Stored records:
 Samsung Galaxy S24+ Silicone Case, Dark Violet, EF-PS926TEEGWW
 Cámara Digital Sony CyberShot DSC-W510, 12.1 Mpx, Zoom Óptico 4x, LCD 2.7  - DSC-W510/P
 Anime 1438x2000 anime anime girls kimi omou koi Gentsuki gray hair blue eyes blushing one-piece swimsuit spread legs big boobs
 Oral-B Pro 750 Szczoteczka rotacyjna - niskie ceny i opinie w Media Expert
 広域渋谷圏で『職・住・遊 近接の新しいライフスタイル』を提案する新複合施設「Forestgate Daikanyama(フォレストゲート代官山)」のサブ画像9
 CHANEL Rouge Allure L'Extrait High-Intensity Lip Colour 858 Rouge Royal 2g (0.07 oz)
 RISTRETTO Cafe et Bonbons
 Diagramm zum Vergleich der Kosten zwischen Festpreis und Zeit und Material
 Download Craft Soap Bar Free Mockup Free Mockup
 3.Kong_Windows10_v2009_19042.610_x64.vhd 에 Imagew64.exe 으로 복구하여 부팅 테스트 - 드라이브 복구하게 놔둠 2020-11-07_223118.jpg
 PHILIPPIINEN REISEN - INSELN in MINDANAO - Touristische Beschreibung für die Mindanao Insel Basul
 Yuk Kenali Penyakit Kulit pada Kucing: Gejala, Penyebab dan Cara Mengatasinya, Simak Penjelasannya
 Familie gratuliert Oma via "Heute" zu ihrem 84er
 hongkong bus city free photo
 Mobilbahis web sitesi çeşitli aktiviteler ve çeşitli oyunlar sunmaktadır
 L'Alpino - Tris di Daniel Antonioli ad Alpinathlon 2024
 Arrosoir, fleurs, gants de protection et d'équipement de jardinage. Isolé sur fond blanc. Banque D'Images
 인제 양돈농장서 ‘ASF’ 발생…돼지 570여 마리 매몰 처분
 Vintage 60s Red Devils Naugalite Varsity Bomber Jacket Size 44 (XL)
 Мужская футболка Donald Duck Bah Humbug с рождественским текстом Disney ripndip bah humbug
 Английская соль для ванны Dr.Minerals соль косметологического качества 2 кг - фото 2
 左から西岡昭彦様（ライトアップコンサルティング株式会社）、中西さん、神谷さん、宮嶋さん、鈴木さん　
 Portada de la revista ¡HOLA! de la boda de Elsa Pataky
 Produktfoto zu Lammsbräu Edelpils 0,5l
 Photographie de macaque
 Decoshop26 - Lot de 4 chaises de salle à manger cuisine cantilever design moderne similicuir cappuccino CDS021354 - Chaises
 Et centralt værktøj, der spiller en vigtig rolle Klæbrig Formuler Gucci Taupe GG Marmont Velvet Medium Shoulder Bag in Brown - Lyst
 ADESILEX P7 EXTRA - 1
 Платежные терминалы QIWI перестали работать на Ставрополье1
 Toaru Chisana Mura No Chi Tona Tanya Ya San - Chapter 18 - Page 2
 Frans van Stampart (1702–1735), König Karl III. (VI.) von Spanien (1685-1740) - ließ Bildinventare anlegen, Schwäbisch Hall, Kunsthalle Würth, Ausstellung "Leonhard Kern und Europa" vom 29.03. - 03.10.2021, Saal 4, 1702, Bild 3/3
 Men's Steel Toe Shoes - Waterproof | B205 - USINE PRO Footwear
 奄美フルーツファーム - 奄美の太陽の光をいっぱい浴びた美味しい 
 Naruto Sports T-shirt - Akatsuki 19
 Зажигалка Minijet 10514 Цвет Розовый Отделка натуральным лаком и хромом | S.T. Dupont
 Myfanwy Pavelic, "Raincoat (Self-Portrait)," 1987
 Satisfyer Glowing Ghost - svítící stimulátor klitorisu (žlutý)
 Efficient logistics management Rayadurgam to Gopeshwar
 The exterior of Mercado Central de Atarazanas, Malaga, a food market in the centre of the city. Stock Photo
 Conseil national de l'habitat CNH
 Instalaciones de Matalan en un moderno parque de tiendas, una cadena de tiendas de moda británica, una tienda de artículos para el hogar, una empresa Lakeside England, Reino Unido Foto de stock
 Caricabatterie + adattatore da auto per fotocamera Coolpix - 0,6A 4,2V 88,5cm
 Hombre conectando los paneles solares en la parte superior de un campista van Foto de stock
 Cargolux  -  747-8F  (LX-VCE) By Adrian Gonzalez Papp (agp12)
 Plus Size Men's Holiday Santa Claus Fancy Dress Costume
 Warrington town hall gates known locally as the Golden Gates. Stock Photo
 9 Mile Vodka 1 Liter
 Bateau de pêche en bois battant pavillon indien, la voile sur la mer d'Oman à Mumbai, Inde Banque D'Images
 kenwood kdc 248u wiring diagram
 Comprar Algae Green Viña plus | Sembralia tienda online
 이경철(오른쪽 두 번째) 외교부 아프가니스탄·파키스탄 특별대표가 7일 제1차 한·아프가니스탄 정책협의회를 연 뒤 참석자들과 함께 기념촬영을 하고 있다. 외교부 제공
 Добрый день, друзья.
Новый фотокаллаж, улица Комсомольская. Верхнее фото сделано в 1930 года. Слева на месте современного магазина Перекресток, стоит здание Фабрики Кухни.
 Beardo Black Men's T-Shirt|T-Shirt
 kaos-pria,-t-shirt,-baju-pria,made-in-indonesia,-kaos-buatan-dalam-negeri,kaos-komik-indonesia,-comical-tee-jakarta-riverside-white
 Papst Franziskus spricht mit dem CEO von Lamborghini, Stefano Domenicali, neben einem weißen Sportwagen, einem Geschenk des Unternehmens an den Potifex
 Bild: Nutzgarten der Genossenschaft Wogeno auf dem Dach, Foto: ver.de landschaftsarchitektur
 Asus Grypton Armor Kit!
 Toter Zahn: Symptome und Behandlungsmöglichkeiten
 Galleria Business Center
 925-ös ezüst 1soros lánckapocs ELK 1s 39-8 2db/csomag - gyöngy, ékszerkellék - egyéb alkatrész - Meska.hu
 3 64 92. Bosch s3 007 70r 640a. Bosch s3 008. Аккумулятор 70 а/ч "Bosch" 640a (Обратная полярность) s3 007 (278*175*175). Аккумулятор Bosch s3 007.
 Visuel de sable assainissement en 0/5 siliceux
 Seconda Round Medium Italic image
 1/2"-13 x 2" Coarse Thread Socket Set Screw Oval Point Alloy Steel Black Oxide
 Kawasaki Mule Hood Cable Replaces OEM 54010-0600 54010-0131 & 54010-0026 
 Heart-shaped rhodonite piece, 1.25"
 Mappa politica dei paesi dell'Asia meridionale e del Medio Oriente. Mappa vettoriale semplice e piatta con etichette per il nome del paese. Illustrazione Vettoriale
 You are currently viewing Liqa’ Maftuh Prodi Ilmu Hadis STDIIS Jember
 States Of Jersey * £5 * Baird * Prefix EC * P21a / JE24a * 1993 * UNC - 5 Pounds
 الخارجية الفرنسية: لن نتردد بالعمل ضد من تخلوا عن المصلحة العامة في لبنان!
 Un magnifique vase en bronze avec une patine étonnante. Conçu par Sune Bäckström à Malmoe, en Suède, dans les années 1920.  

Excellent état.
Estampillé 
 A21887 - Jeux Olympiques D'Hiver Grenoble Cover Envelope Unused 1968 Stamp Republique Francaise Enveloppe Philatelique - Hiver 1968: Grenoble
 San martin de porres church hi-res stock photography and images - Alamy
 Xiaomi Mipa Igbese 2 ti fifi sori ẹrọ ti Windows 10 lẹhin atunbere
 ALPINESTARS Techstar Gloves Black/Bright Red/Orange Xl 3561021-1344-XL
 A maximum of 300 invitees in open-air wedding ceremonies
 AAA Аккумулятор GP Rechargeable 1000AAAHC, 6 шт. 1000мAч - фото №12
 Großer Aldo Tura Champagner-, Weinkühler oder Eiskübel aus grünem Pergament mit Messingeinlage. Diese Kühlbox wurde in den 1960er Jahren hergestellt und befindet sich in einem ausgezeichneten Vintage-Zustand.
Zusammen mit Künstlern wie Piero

TASK DIRECTIONS: Start copying at the line that contains "Großer Aldo Tura" and stop after the last line of the records, keeping every line exactly.

RESPONSE:
 Großer Aldo Tura Champagner-, Weinkühler oder Eiskübel aus grünem Pergament mit Messingeinlage. Diese Kühlbox wurde in den 1960er Jahren hergestellt und befindet sich in einem ausgezeichneten Vintage-Zustand.
Zusammen mit Künstlern wie Piero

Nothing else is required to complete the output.